Though shocking at first, when we dig a little deeper, we find that all technical failures in big data analytics can be explained by a simple model with four failure modes. This means that if we ask the right questions and pay attention, we can avoid making costly mistakes moving forward.
The bird’s-eye view
Business requirements, data, bias-variance trade-offs, and people all have an impact on analytics systems. But for brevity, this article focuses on technical failures that we can prevent.
Technical error encompasses both bias, which indicates how far the model is off from reality, and variance, which obscures the data signal.
Bias can originate as a business decision that leads to data-interpretation errors when the business case does not fit requested functional information. Bias can also originate as a technical decision that leads to analytics failures when a bad choice of model poorly fits the raw data.
In order to be successful, both business leaders and data scientists need to agree on (1) the required functional information for translation of raw data into actionable business insights and (2) the quality of the data for determining confidence in those insights.
A simple schematic of a complex system
Big-data analytics is an iterative process that progresses from the identification of a business need, to question formulation, to model design, to data acquisition/analyses, to addressing the business need with a business solution.
Here is a diagram of the simplified big data analytics system:
Simplified diagram of the big data analytics building and monitoring process.
The four key stages in the loop are:
- Form the question and answer
Starting from the upper left of the figure, business leaders identify a business need and pose a question that functional information should answer. The question and answer may be reformed based on new functional information from within the analytics loop.
2. Form the model
Moving right in the figure above, we next design and build a machine-learning model that provides the requested information from the available data.

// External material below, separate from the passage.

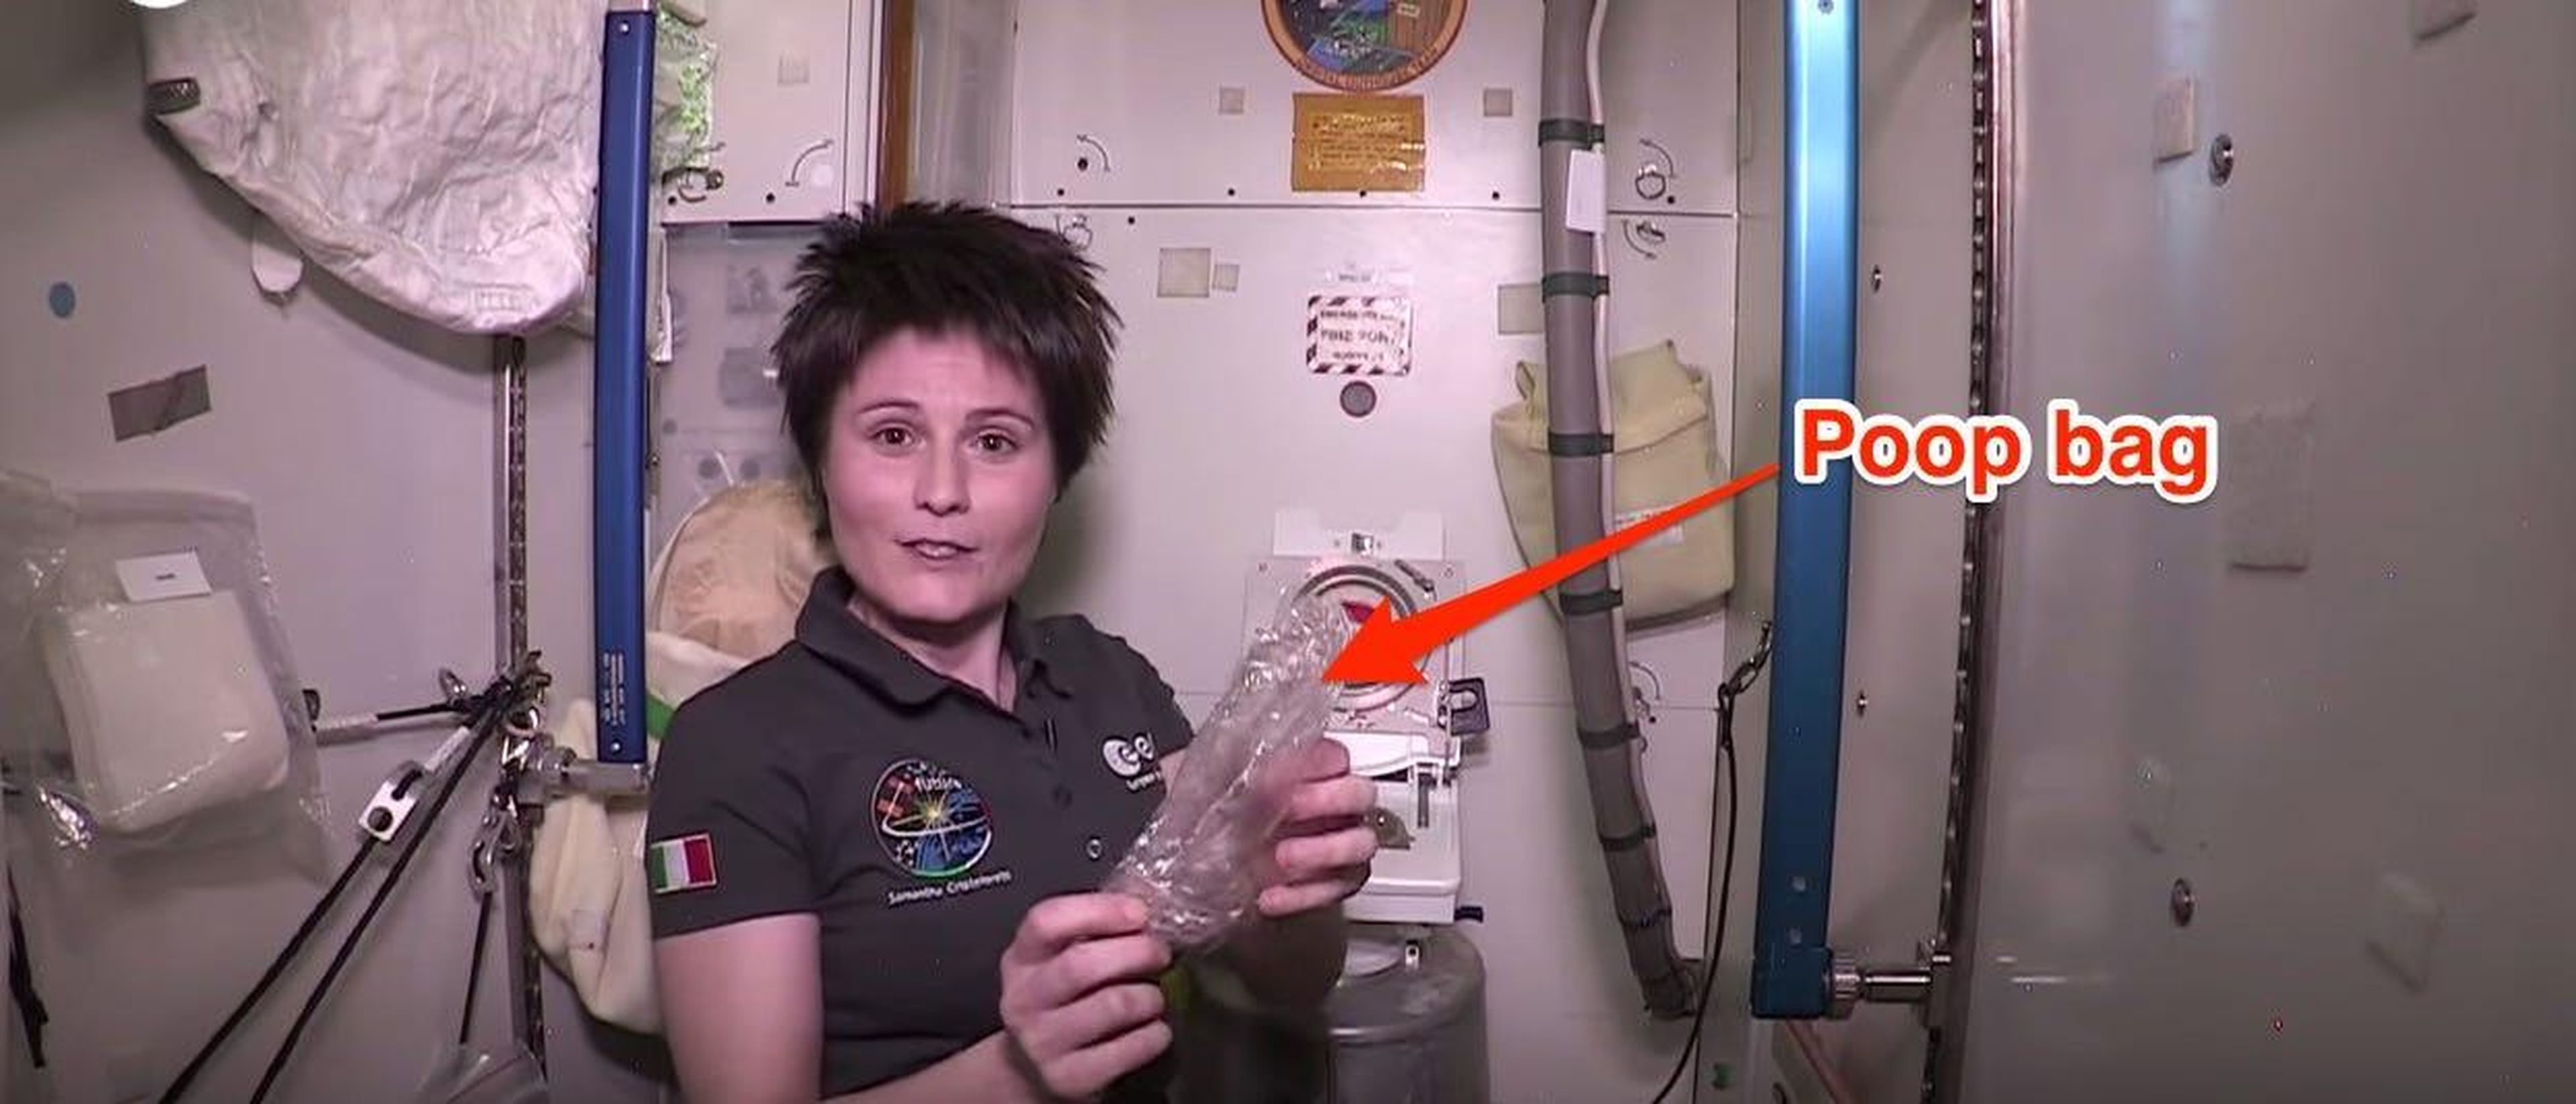 The Italian astronaut Samantha Cristoforetti demonstrated how to use the Russian toilet on the International Space Station in 2015. YouTube/ESA
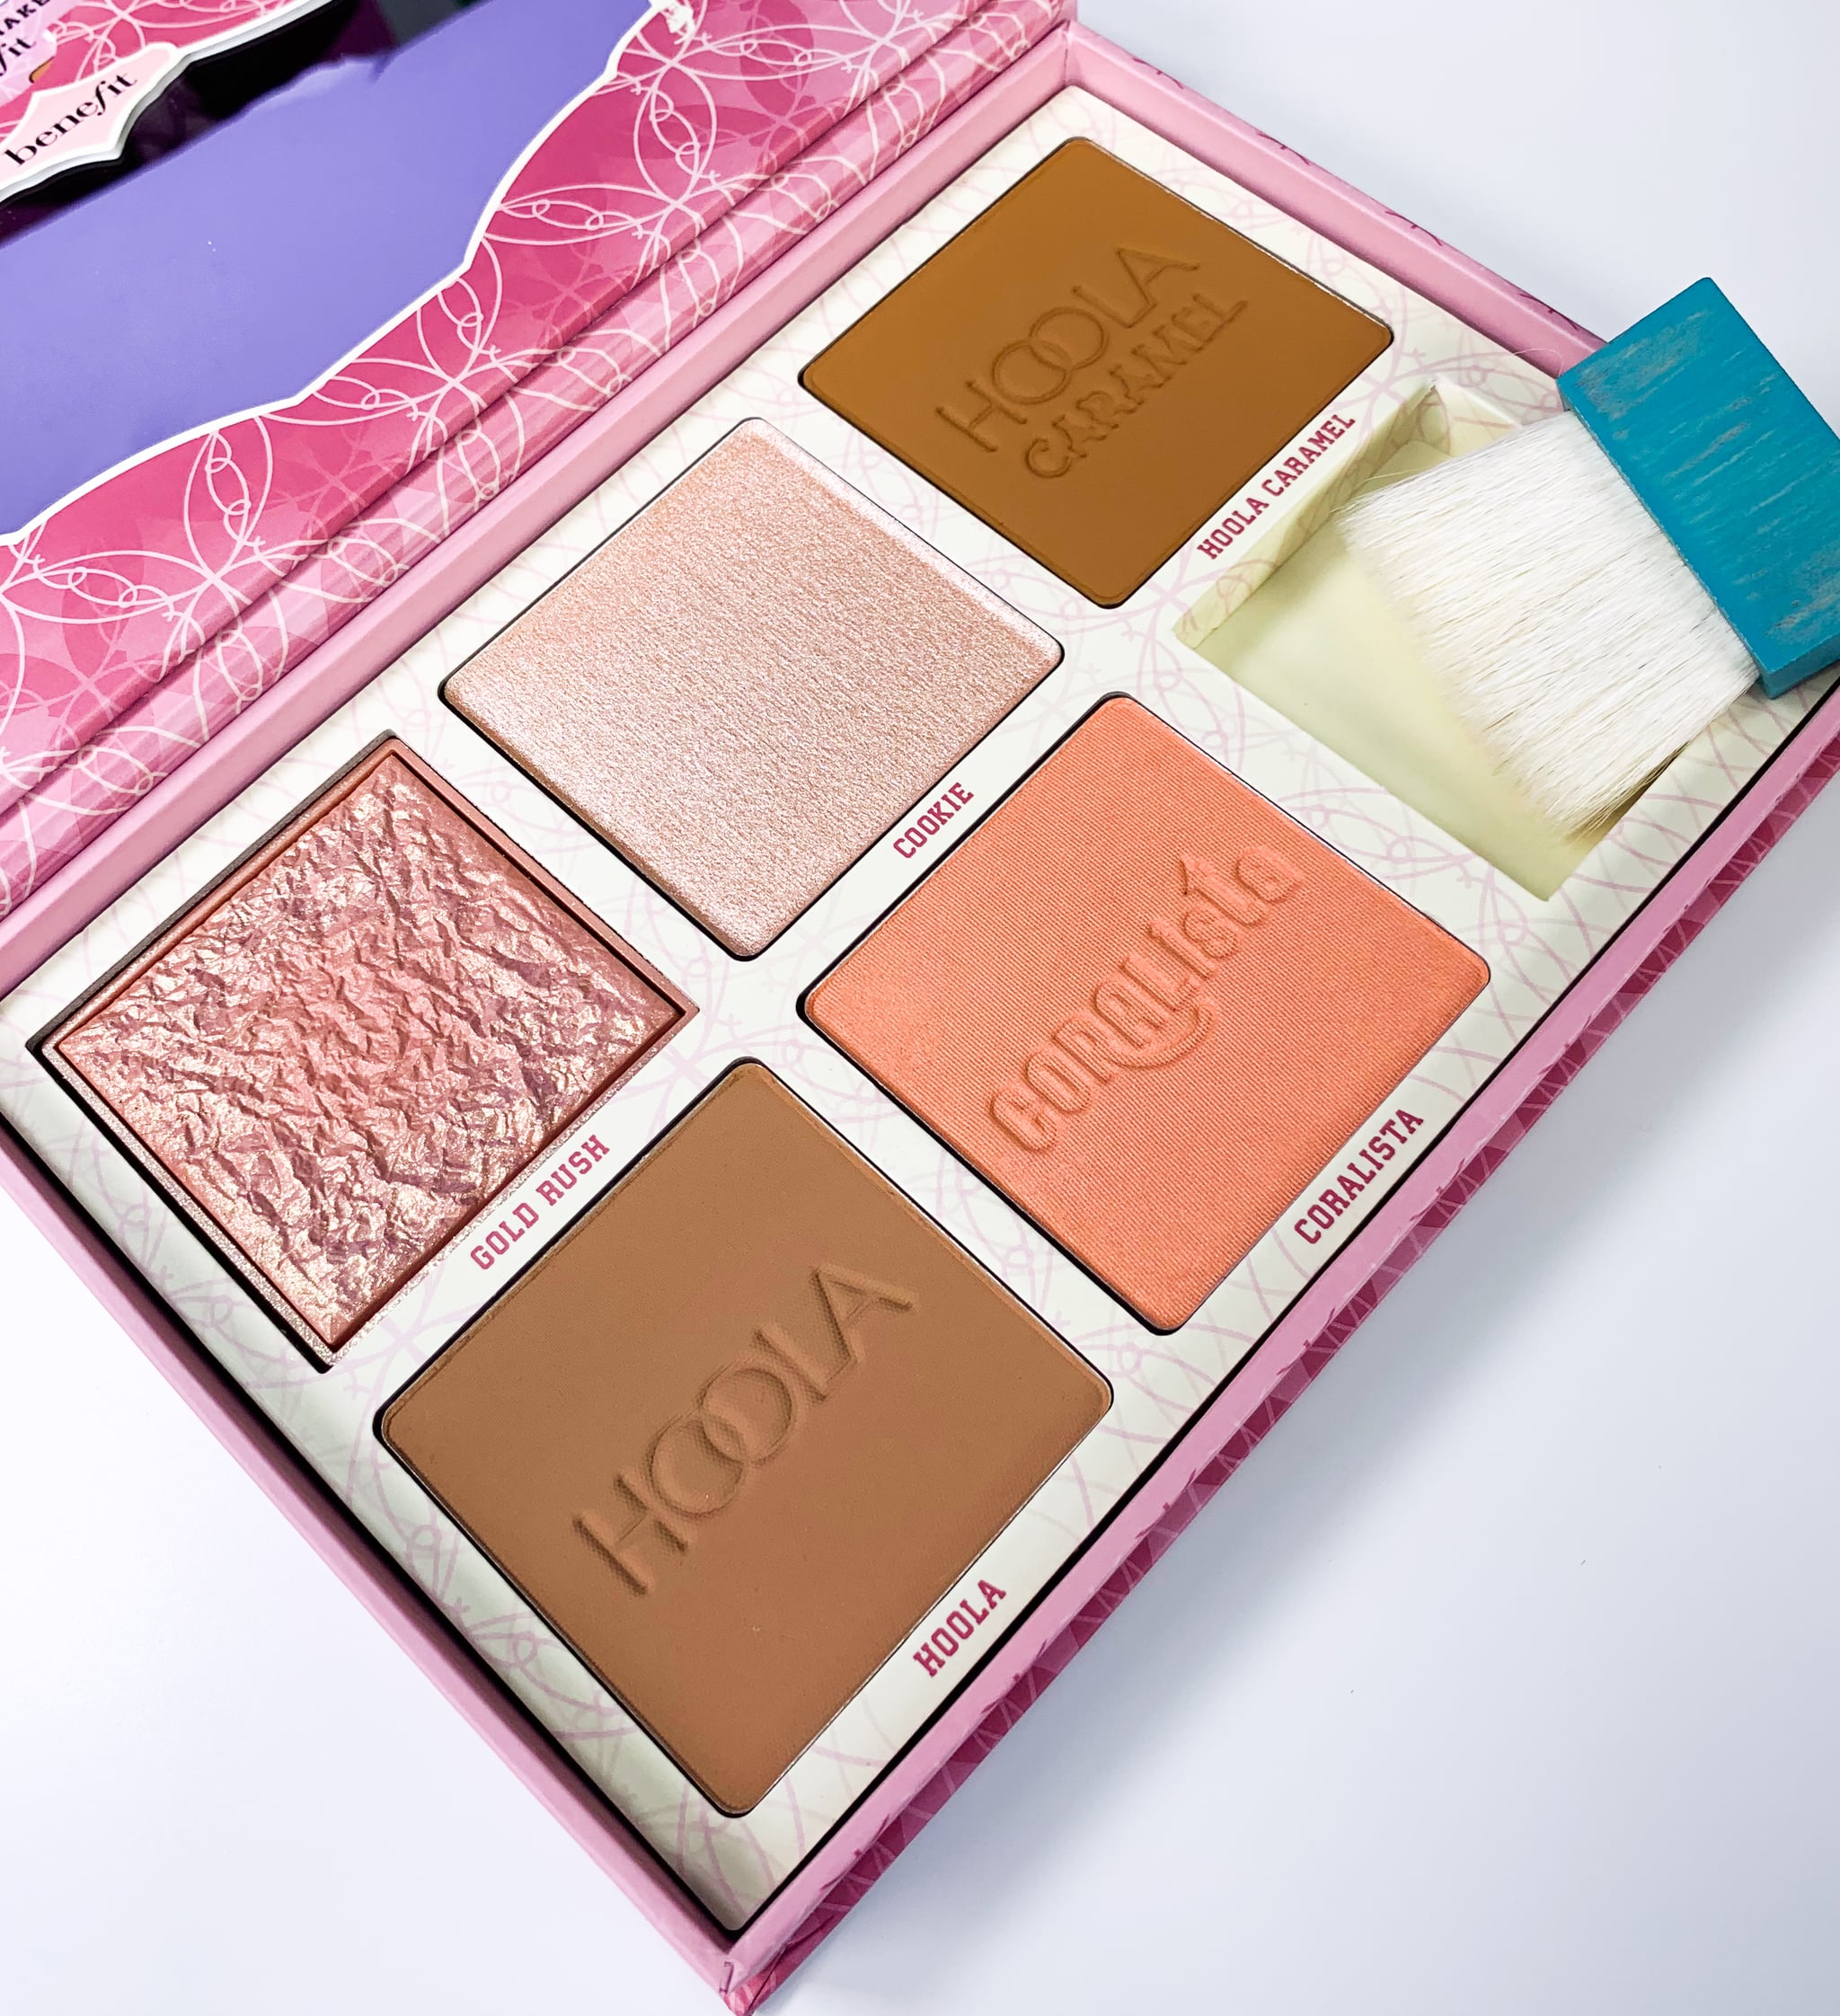 Cheekleaders: Bronze Squad Palette | Benefit to Launch 2 Deeper Shades of and New Cheek This | POPSUGAR Beauty Photo 4

3. Acquire and analyze data
Raw, unprocessed data are acquired in a variety of ways, from electronic sensors to surveys. Once the data are in a standard form, they can be analyzed and used iteratively to train the model (lower right).
4. Address the business need
Ideally, the analysis results in functional information that can address a business need (lower left). This information may be used, for example, to place an ad for a specific product based on user clicks in a browser screen, or to trigger an alert on an app based on motion in a driveway.
Bias happens in 1 and 2, the upper part of the loop. It impacts how data are interpreted. Variance happens in 3 and 4, the lower part of the loop. It clouds incoming data signals, leads to overfitting of models, produces poor information, and reduces the ability to make accurate business decisions.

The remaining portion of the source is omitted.